Конечно, она обрадовалась такому повороту событий. Возможная эпидемия очень пугала: ведь Адена уже видела через стекло, чем это заканчивается. Если бы Гарин попросил ее остаться… или только предложил — тогда бы она, скорее всего, отказалась. А сейчас, после такого категоричного приказа…
— «Ты меня слышала!» — повторила она. — Раскомандовался…
На посту никого не было. Алена громко вздохнула и в ожидании дежурной сестры стала вырезать полоску для опечатывания бокса. Гвоздик, скреплявший половинки ножниц, совсем разболтался, и сделать полоску оказалось непростой задачей — лезвия не резали, а только мяли бумагу.
— Да что же это такое? — пробормотала Алена.
Ей показалось, что с противоположного конца коридора, где была дверь, ведущая на улицу, послышался тихий шум и потом — осторожные крадущиеся шаги. Алена прислушалась: нет, вроде ничего.
Она отложила ножницы и потянулась за линейкой, чтобы не отрезать, а оторвать ровную полоску. Руки немного дрожали, легкая деревянная планка выскользнула меж пальцев и упала на пол.
Алена стиснула зубы и громко цыкнула, выражая свое недовольство. Она заглянула под столешницу: линейка белела вдали, между самыми тумбами, рядом с корзиной для бумаг.
Алена опустилась на колени и полезла под стол. В этот момент раздался знакомый стеклянный звон: кто-то открыл дверь бокса.
Насколько она знала, только один бокс был занят — именно тот, где лежал умерший и где сидел на табурете, прислонившись к стене, Владимир Николаевич Островский.

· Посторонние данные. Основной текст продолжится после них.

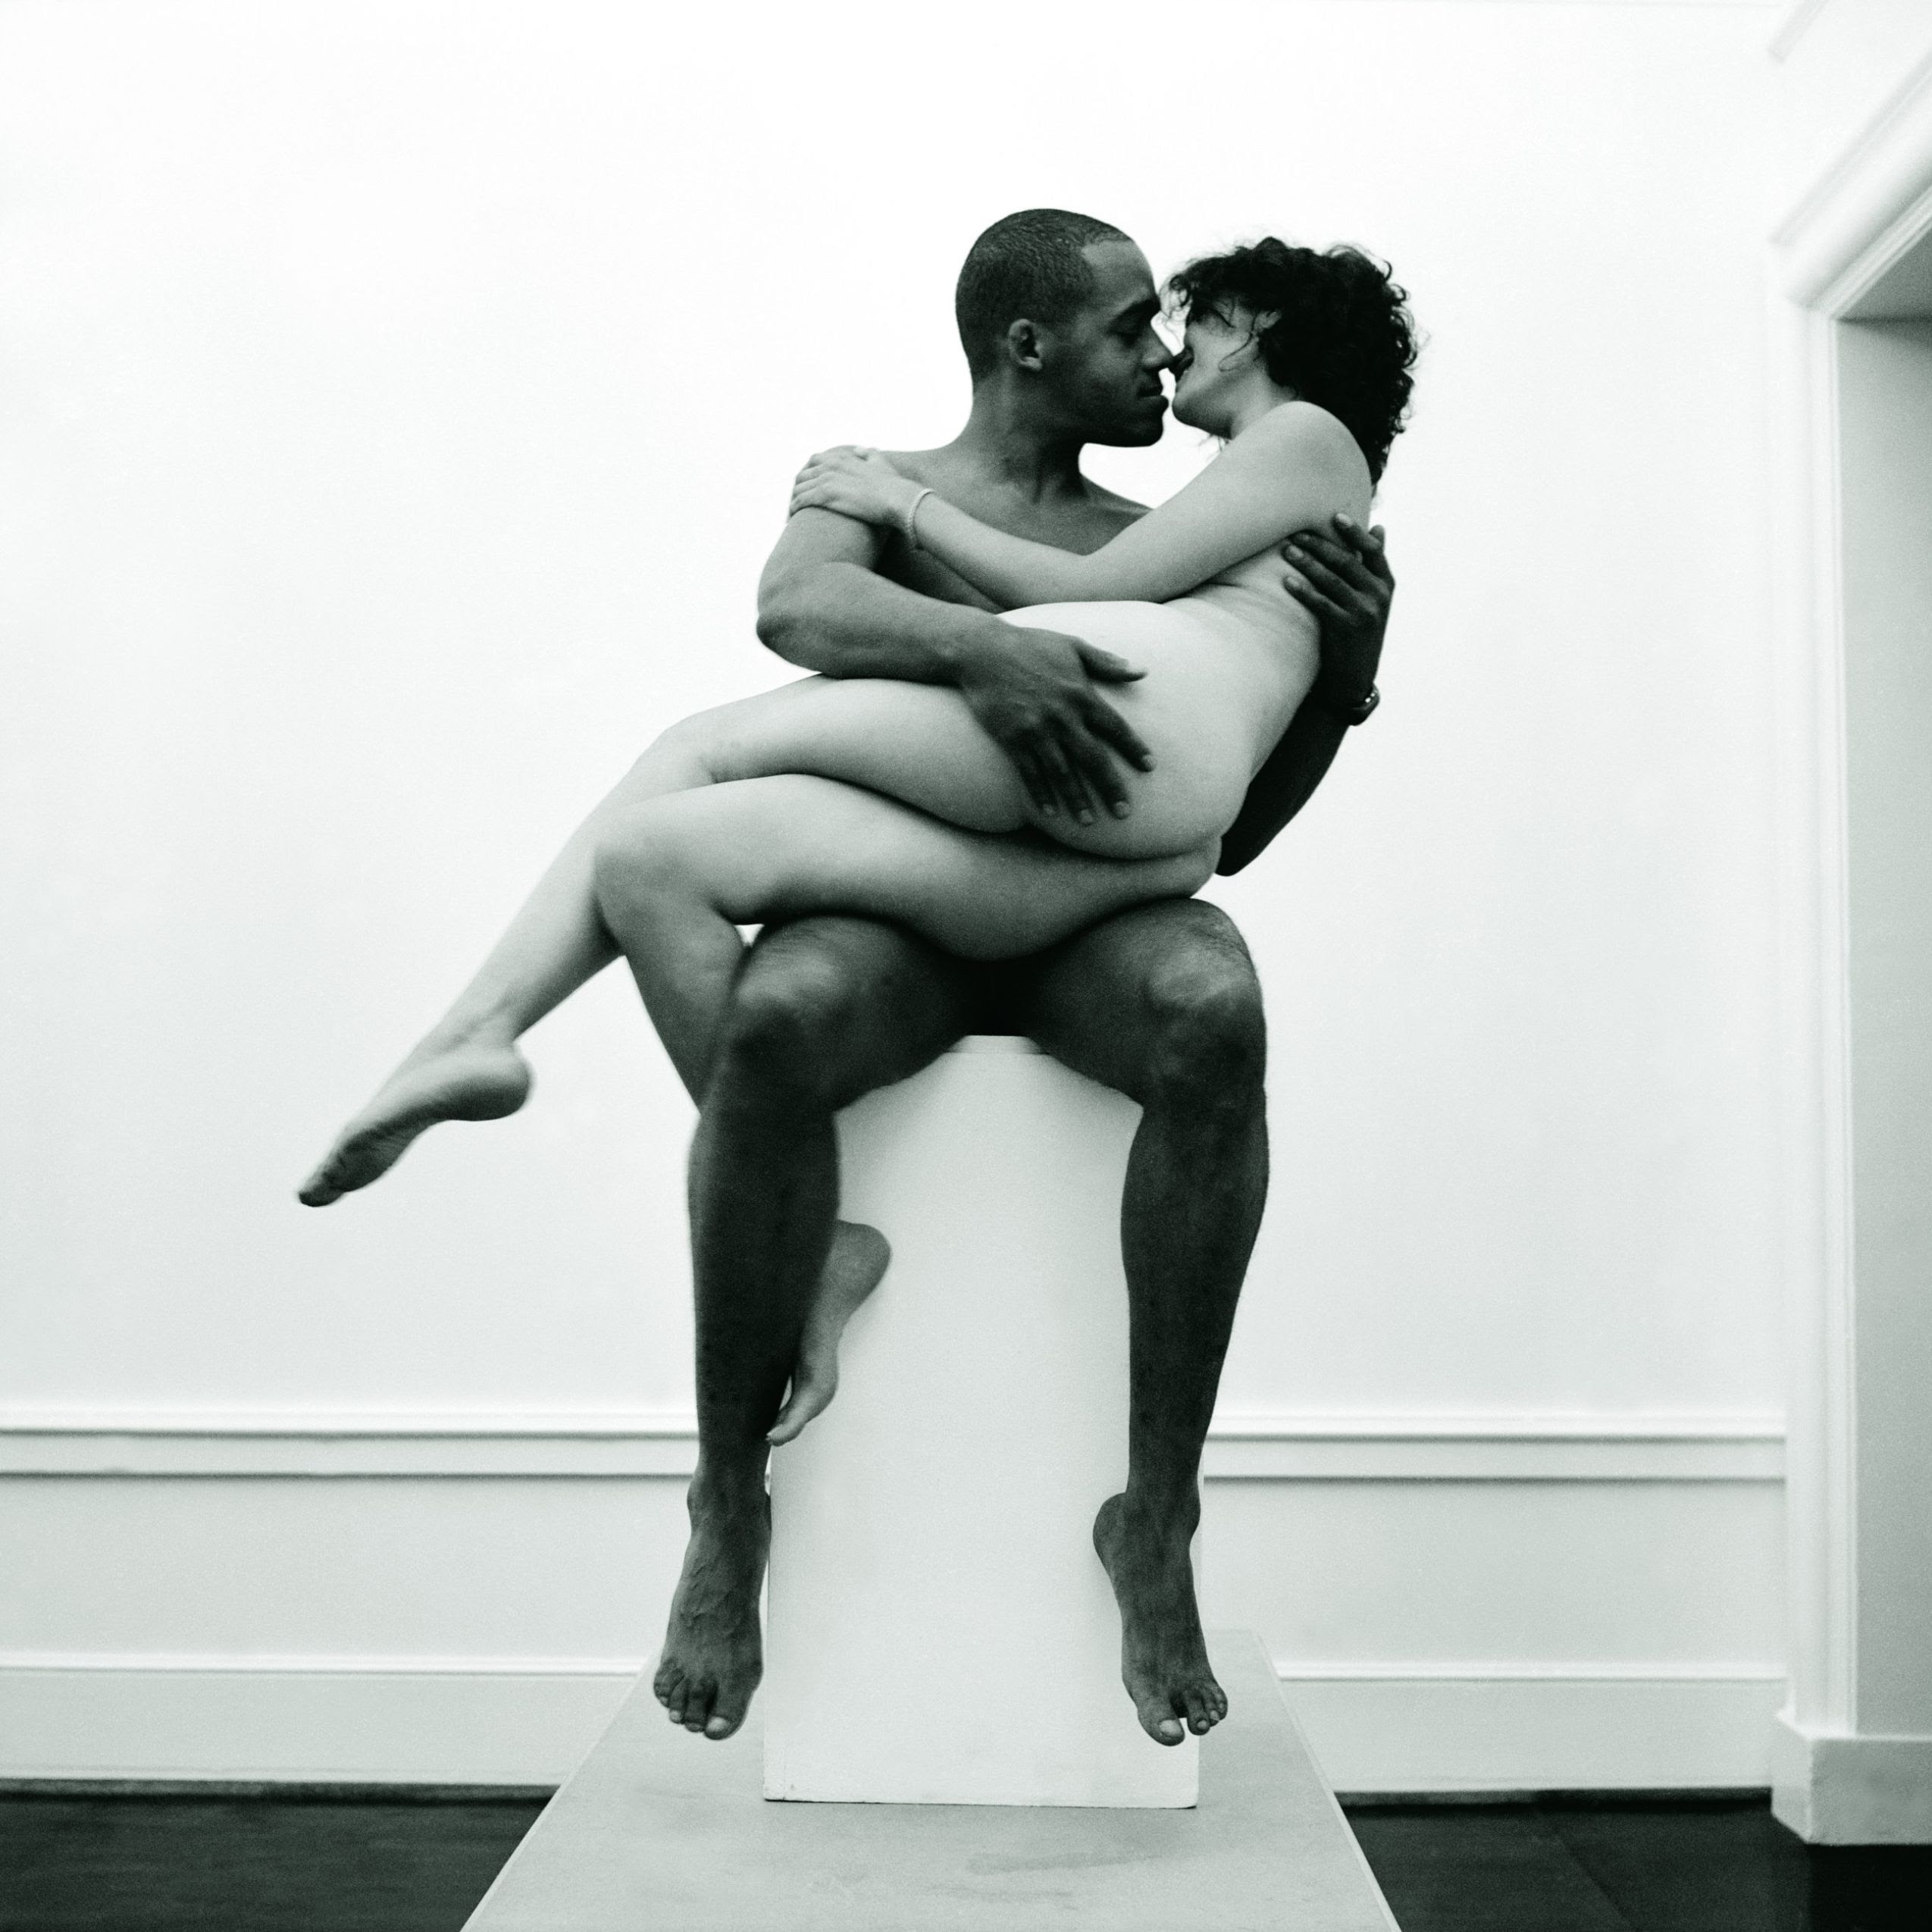 A photographic work by Tracey Rose. The black and white image features a brown-skinned man and a light-skinned woman embracing, naked, while sitting on a white pedestal. Posing against a white wall, smiling, their noses are touching. They seem to be on the verge of kissing. 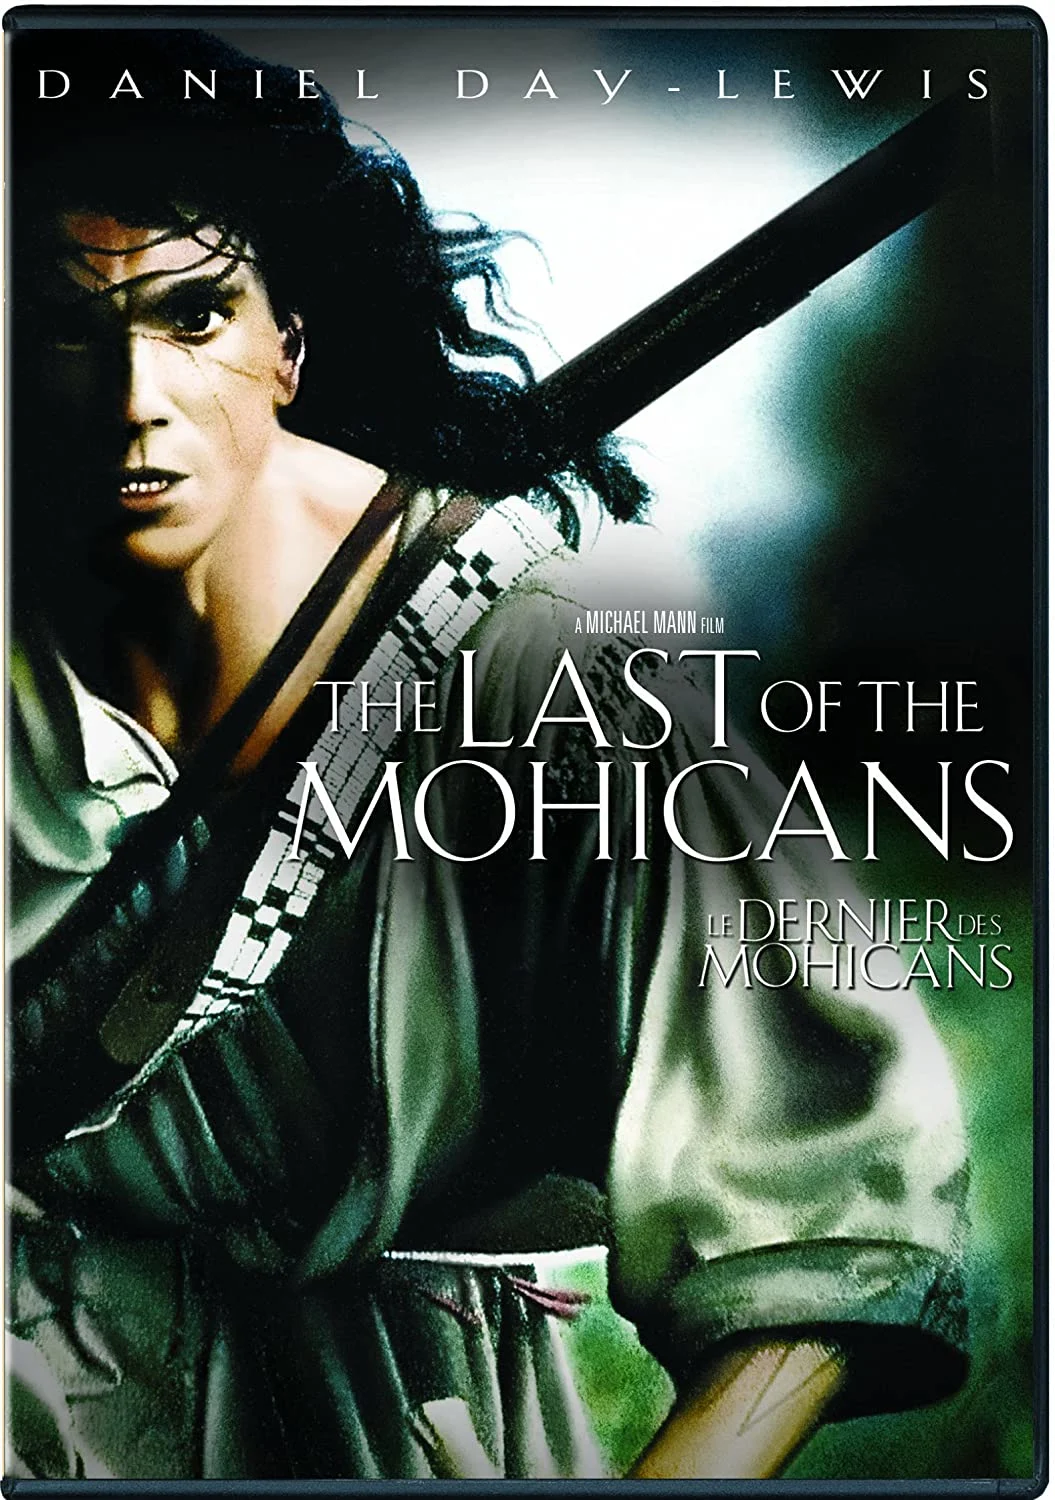 Last of the Mohicans, The (1993) (DVD)

«Кого это туда понесло? — подумала она, пытаясь дотянуться до линейки. — Или старик решил выйти? Значит, Гарин прав: надо его запереть».
С другой стороны коридора послышались дробные цокающие шаги: дежурная медсестра возвращалась на пост. Алена представила, как будет выглядеть доктор, забравшийся под стол. Веселенькое зрелище!
«Алена Игоревна, что вы здесь делаете?» «Да я так… Полезла за линейкой и немного застряла».
Пальцы нащупали продолговатый деревянный прямоугольник. Алена стала распрямляться и неловко ударилась головой о столешницу.
— Вот черт! — прошептала она, потирая ушибленную макушку.
— Что вы здесь делаете? — строго спросила медсестра.
Алена подумала, что вопрос адресован ей, хотя медсестра никак не могла ее видеть: массивная тумба стола скрывала их друг от друга.
Девушка собиралась ответить и уже открыла рот, как услышала ровный мужской голос, который ей с самого начала не понравился. Он ей напомнил механический автомат или машину.
— Кто еще находится в боксах? Кроме Ремизова?
— А вы, собственно, кто такой? — с вызовом сказала сестра.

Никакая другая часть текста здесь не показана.